Какой снег застилал все вокруг, какой снег!
Такие белые, кипучие, вихревые ночи бывали только в мои студенческие годы. Эх, что за удивительное было время!
Бог знает на кого я походил – то ли на белое чучело, то ли на робота с поврежденным снегоочистителем! Но на душе у меня было легко. Чем больше у меня немели ноги – они даже перестали ныть, – тем веселее становилось на душе, вальс из „Евгения Онегина” отзвучал, а вместо него грянули аккорды Брильянтного вальса Шопена. И вот я вижу зал Пле-йель. Публика восторженно рукоплещет, – я заметил, что настоящие меломаны аплодируют всегда восторженно до экзальтации – тем самым они отличаются от простых любителей музыки.
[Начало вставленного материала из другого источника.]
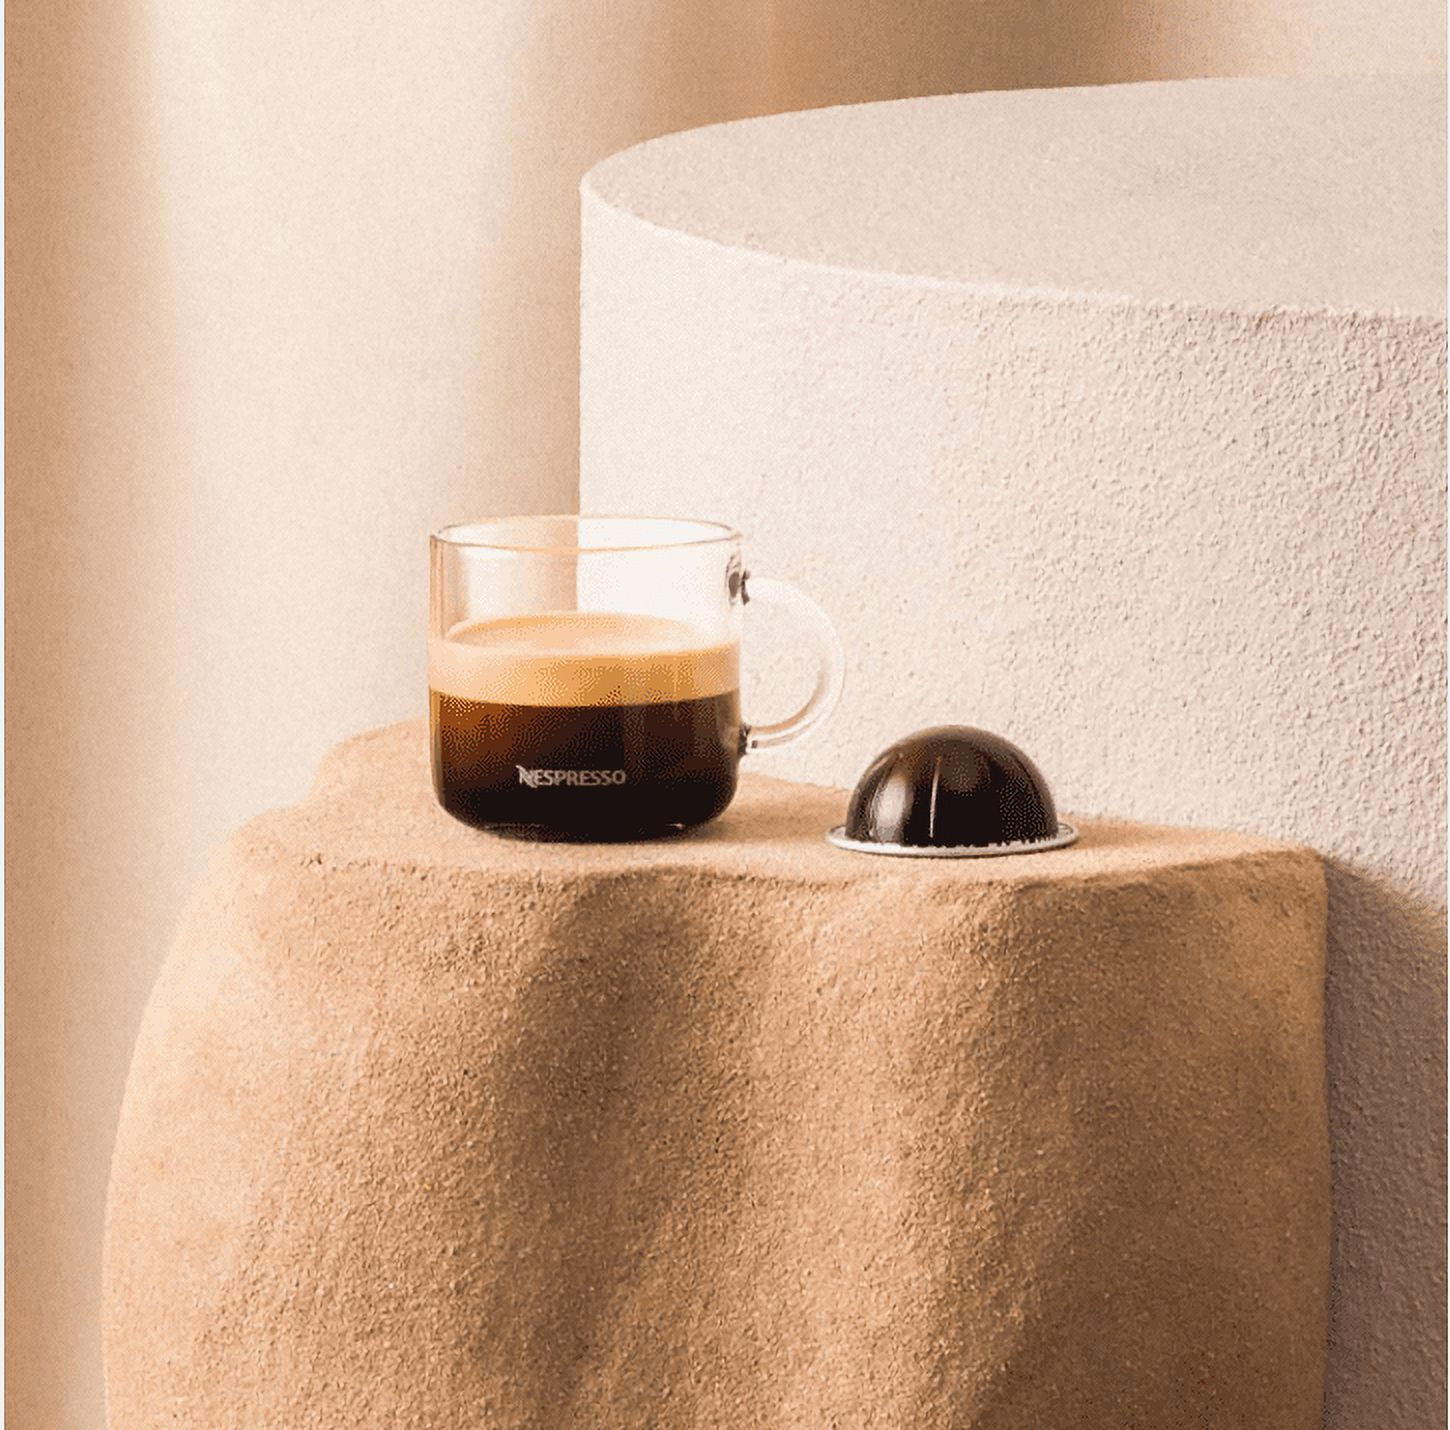 Nespresso Double Espresso Chiaro, Medium Roast Coffee Pods, 40 Ct

Виолетта в вечернем открытом платье, плотно облегающем ее стан, бледная, взволнованная, обводит глазами первые ряды – она ищет студента-первокурсника, свою первую любовь, отца своего ребенка, а он, отец ее Жозефины, тепер уже солидный мужчина с титулом ученого, смотрит печально-удивленным взглядом на женщину в черном вечернем платье и думает, что перед ним не его Виолетта, а ее старшая сестра, с которой он не имеет ничего общего…
Какой удивительный снег!
Один робот, из тех, что спасают пьяниц, остановился возле меня и осторожно отряхнул с моей головы и плеч целые, сугробы снега. Горячий комок вырвался из моей груди и подкатил к горлу, глаза защипало. „Сын мой!” – хотел крикнуть я, мне захотелось его обнять, прижаться к железной груди. Но я сдержал свой порыв. Робот-то не знает, что я его отец. Он примет меня за пьяного, подхватит под мышки и живо доставит в ближайший вытрезвитель. „Дитя мое – подумал я, – кто же наслал на меня эту напасть – до смерти любить тебя и ненавидеть?!”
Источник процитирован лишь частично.